**MATERIAL PROVIDED**
********************

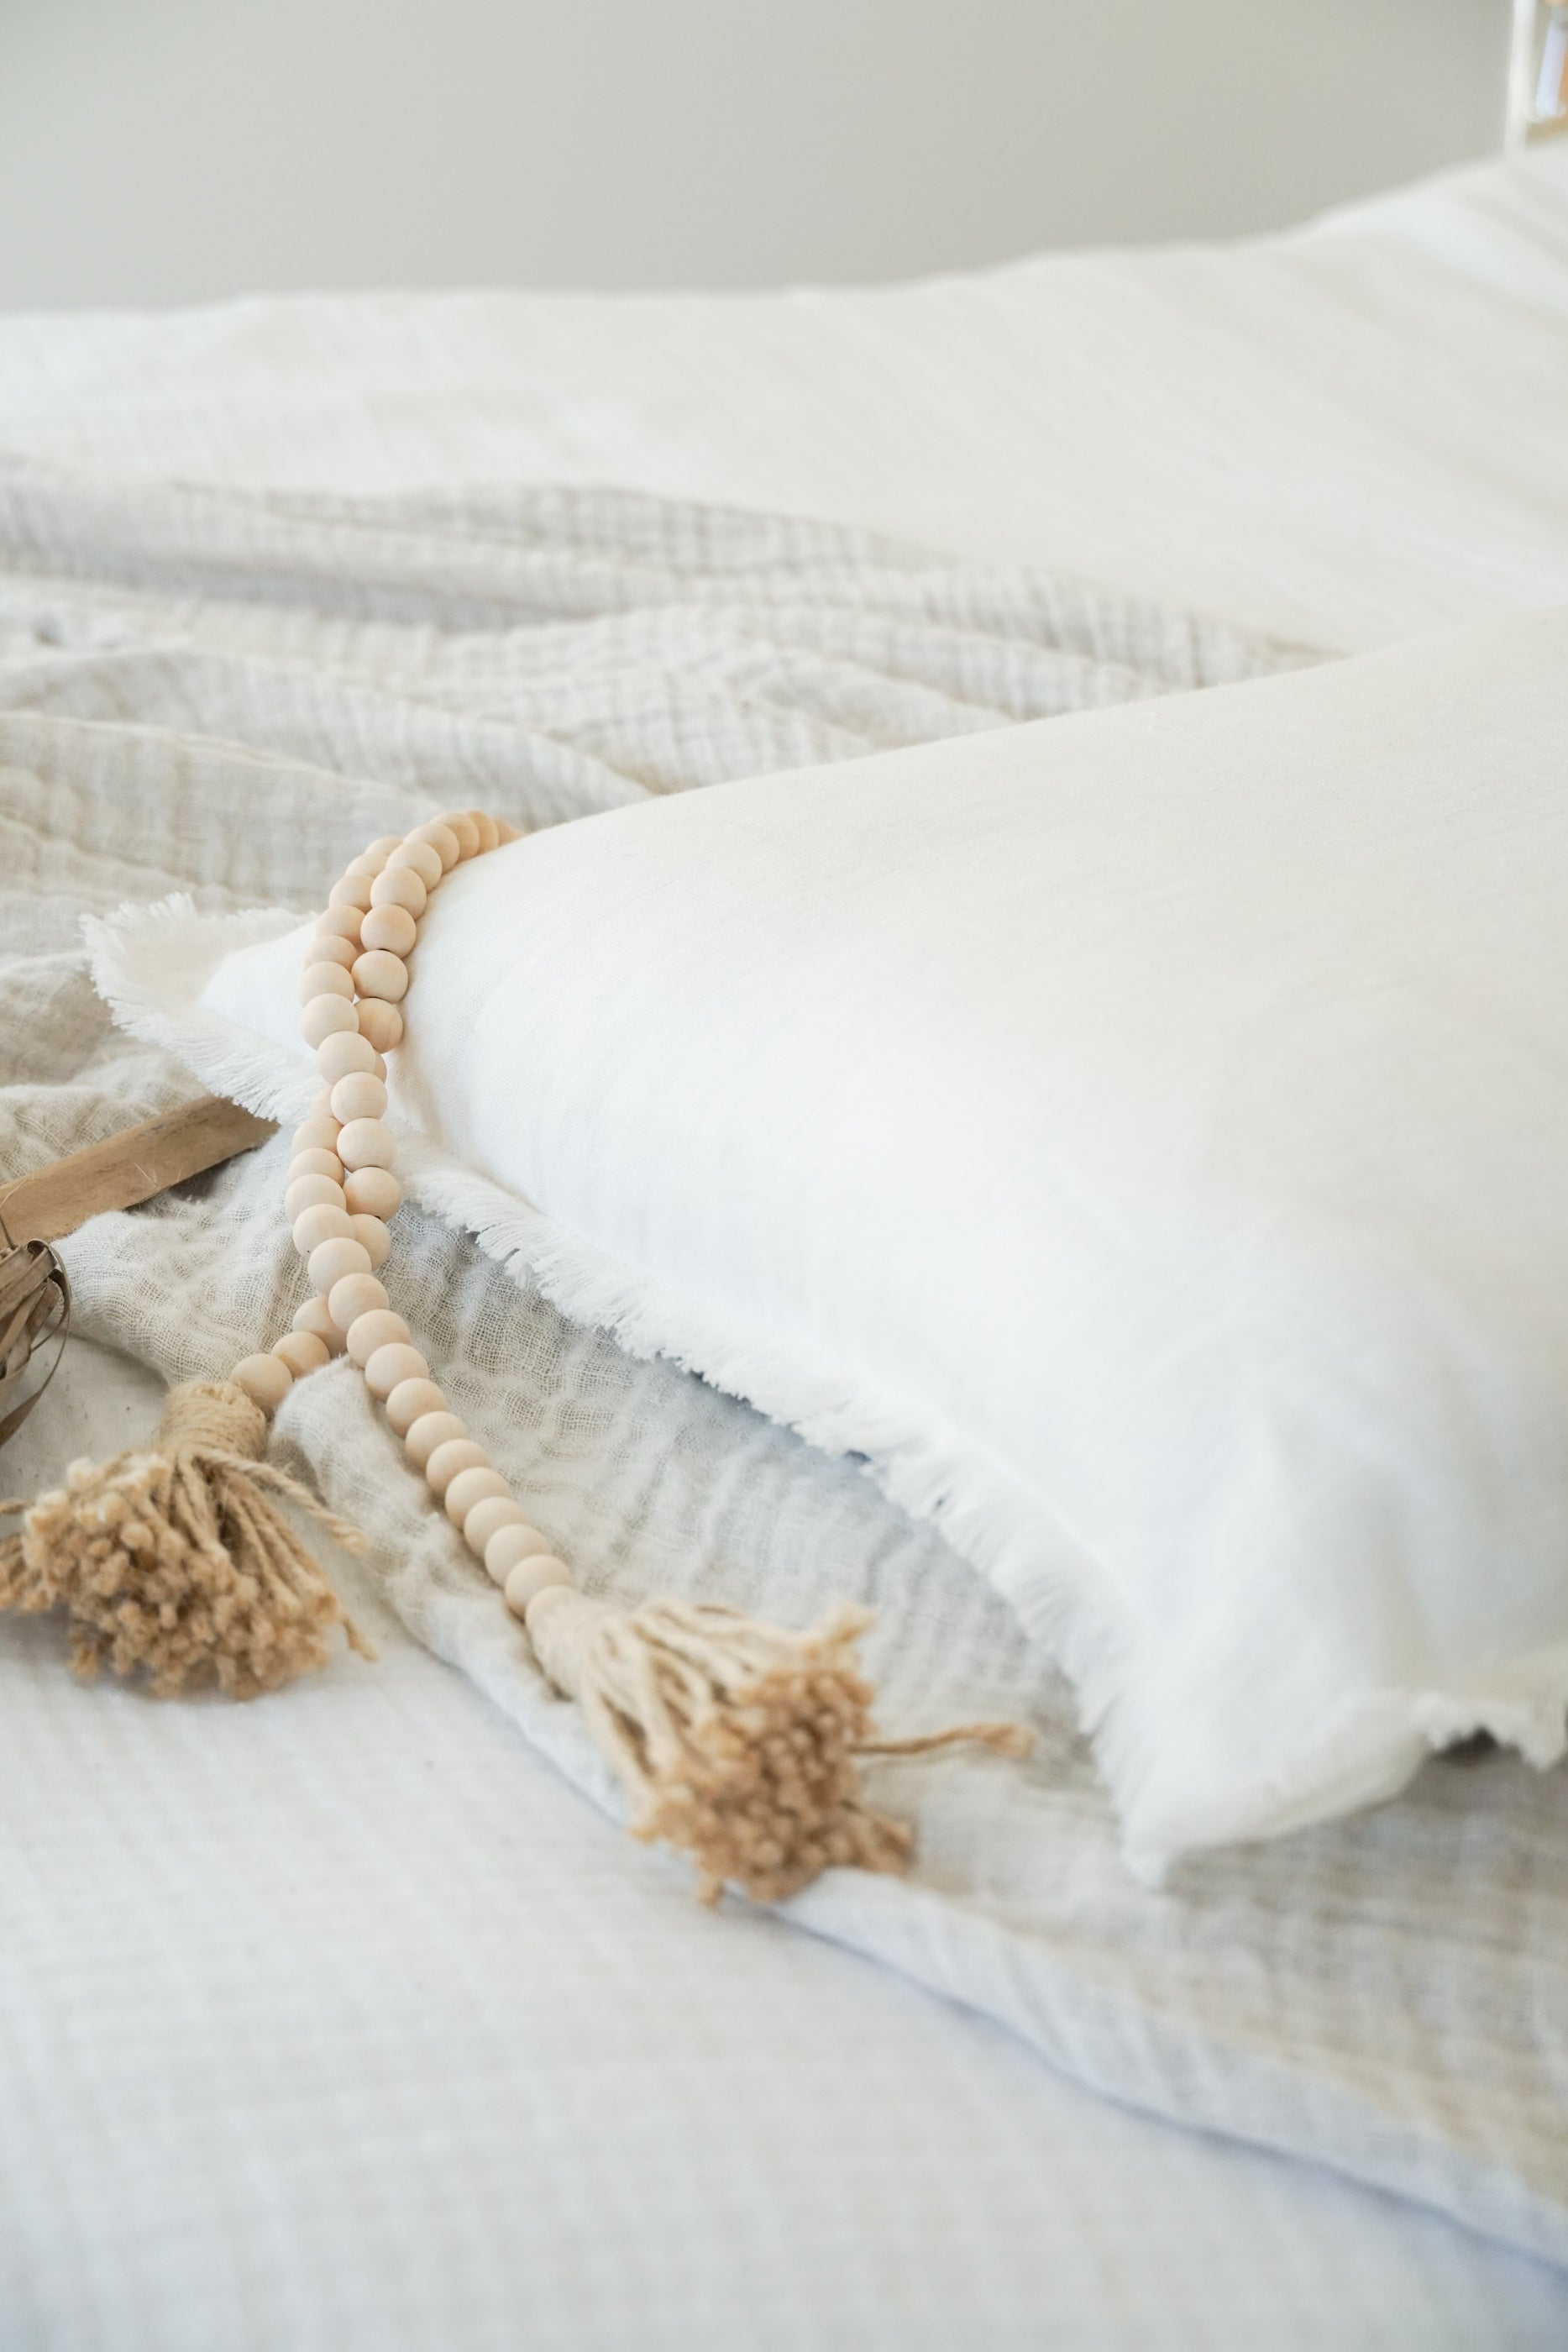 Buy White So Soft Linen Pillows by Anaya
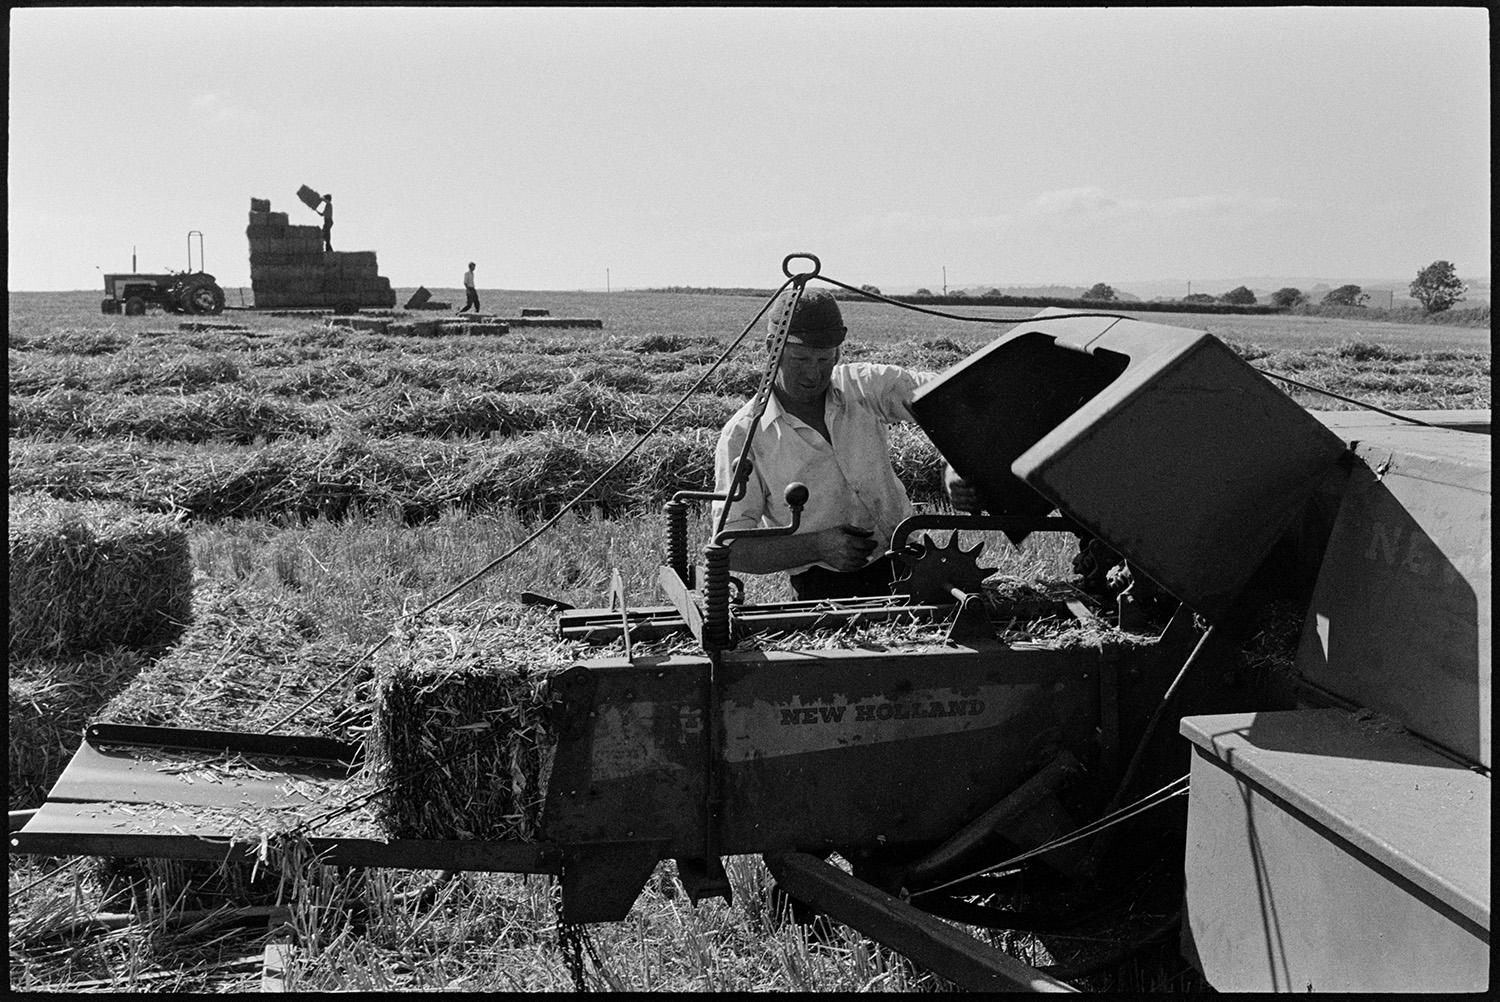 Haymaking, putting hay in barn. 
[A man checking a baler in a field at Dowland. In the background people can be seen loading hay bales onto a tractor and trailer.]
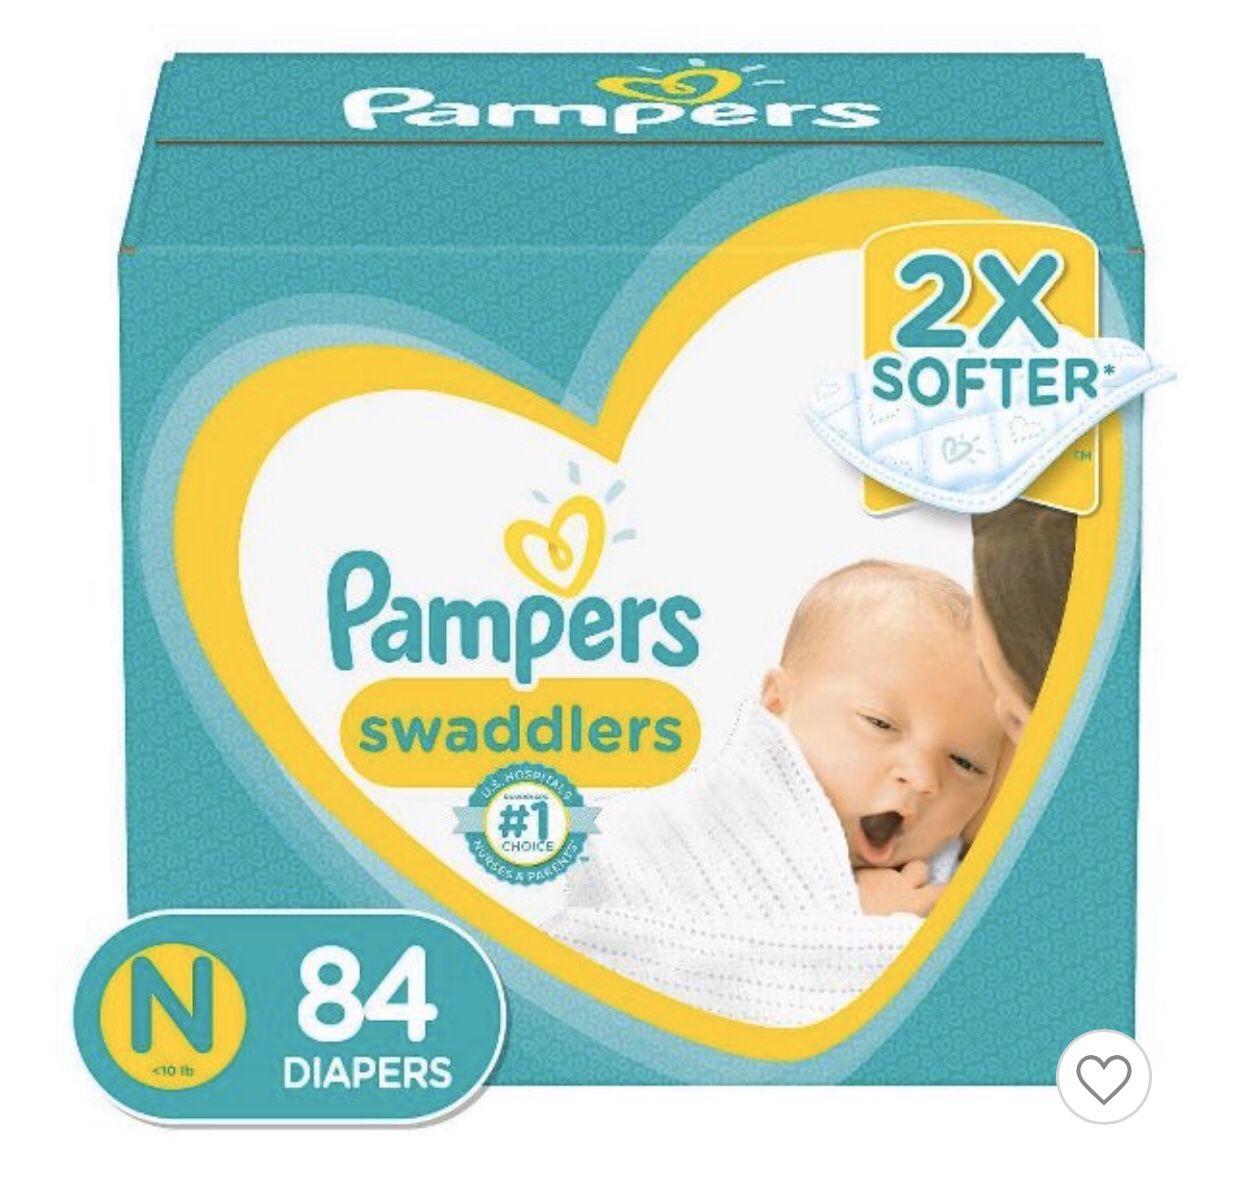 Brand new Pampers Swaddlers

********************

**WHAT THE TASK REQUIRES**
Copy the listing exactly. No images belong in the copy.

**ANSWER FOR THIS EXERCISE**
 Buy White So Soft Linen Pillows by Anaya
 Haymaking, putting hay in barn. 
[A man checking a baler in a field at Dowland. In the background people can be seen loading hay bales onto a tractor and trailer.]
 Brand new Pampers Swaddlers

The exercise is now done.